Assignment: Only the pictures are to be left out; write out the rest of the data exactly.

Dataset content:
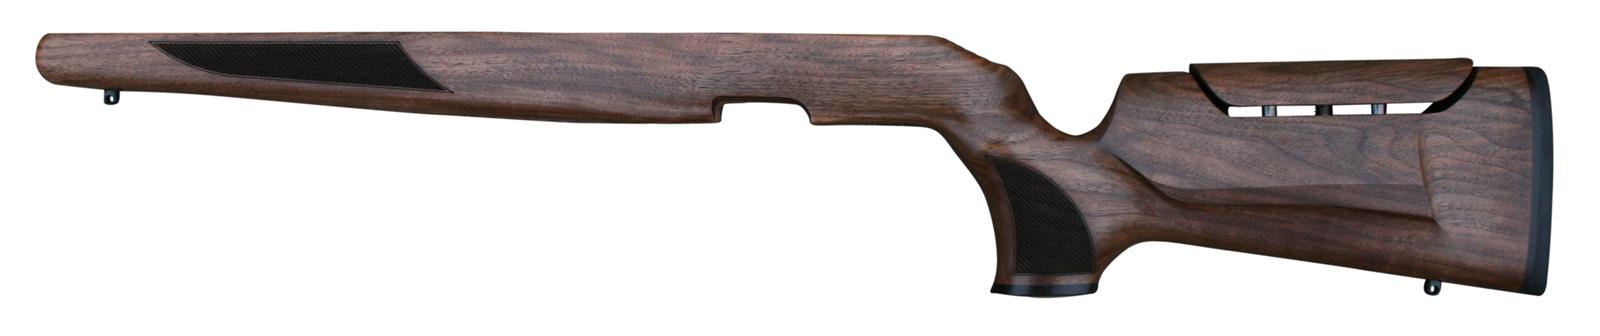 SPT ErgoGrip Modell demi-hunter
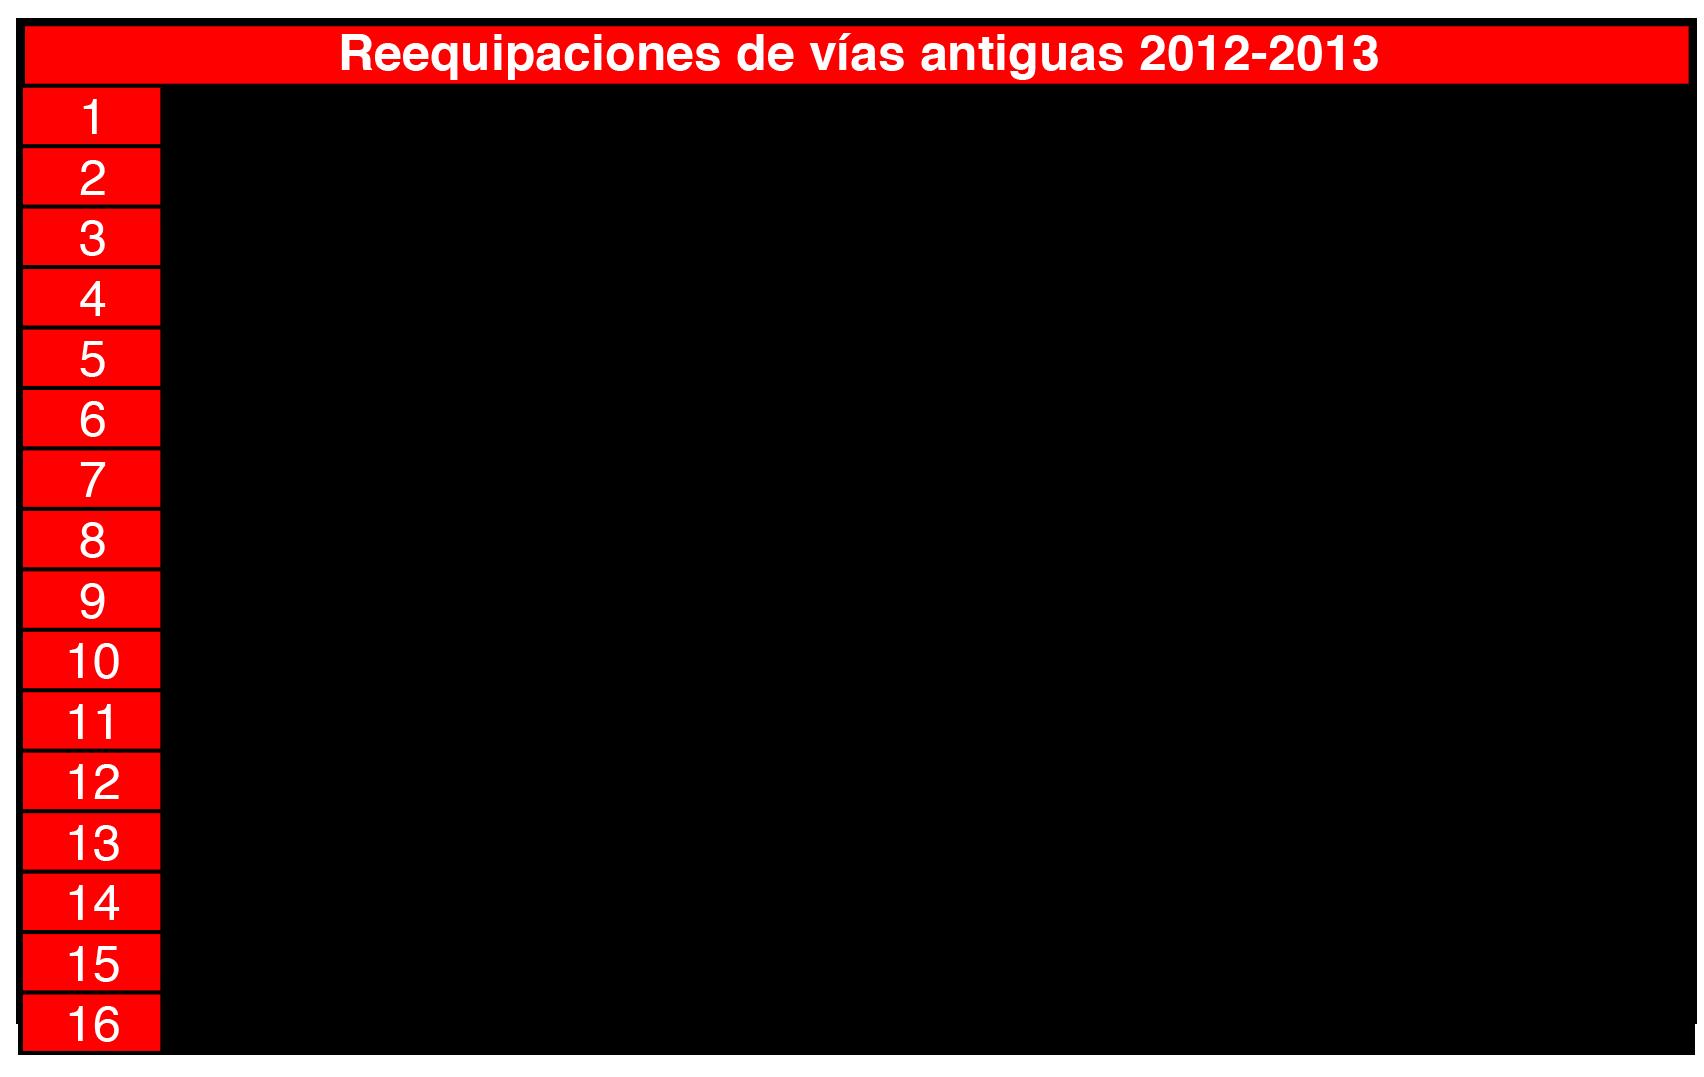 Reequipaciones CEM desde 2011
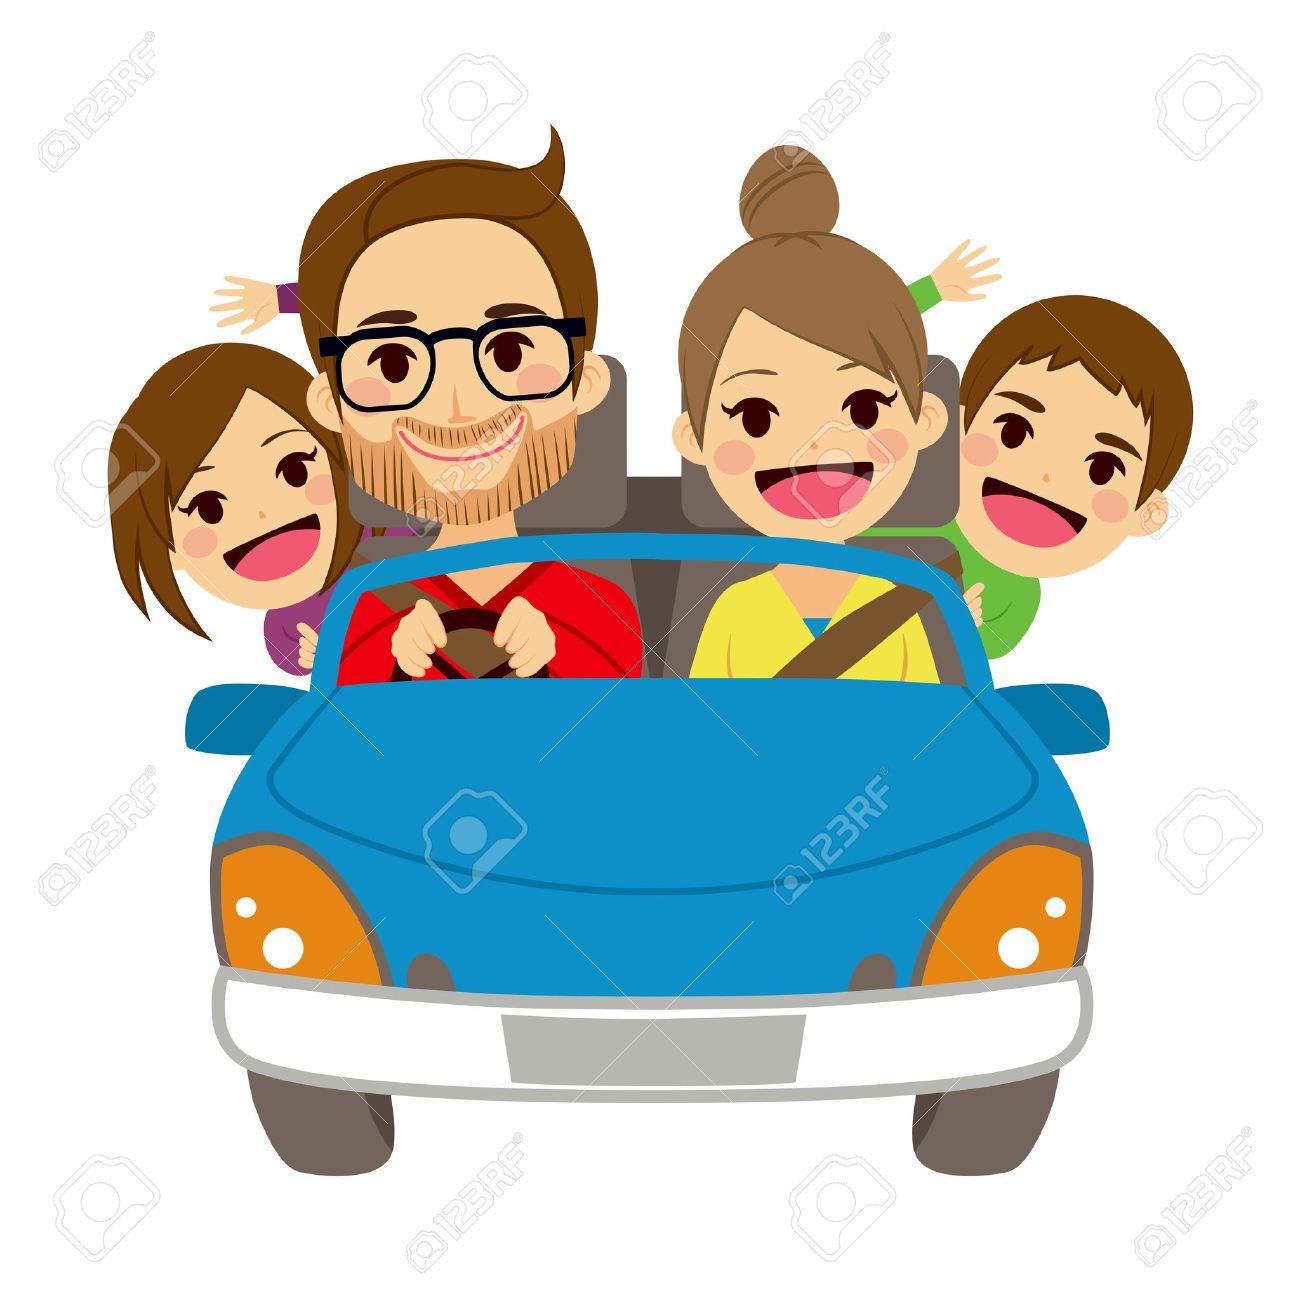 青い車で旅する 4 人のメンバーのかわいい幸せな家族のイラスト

Exercise result:
 SPT ErgoGrip Modell demi-hunter
 Reequipaciones CEM desde 2011
 青い車で旅する 4 人のメンバーのかわいい幸せな家族のイラスト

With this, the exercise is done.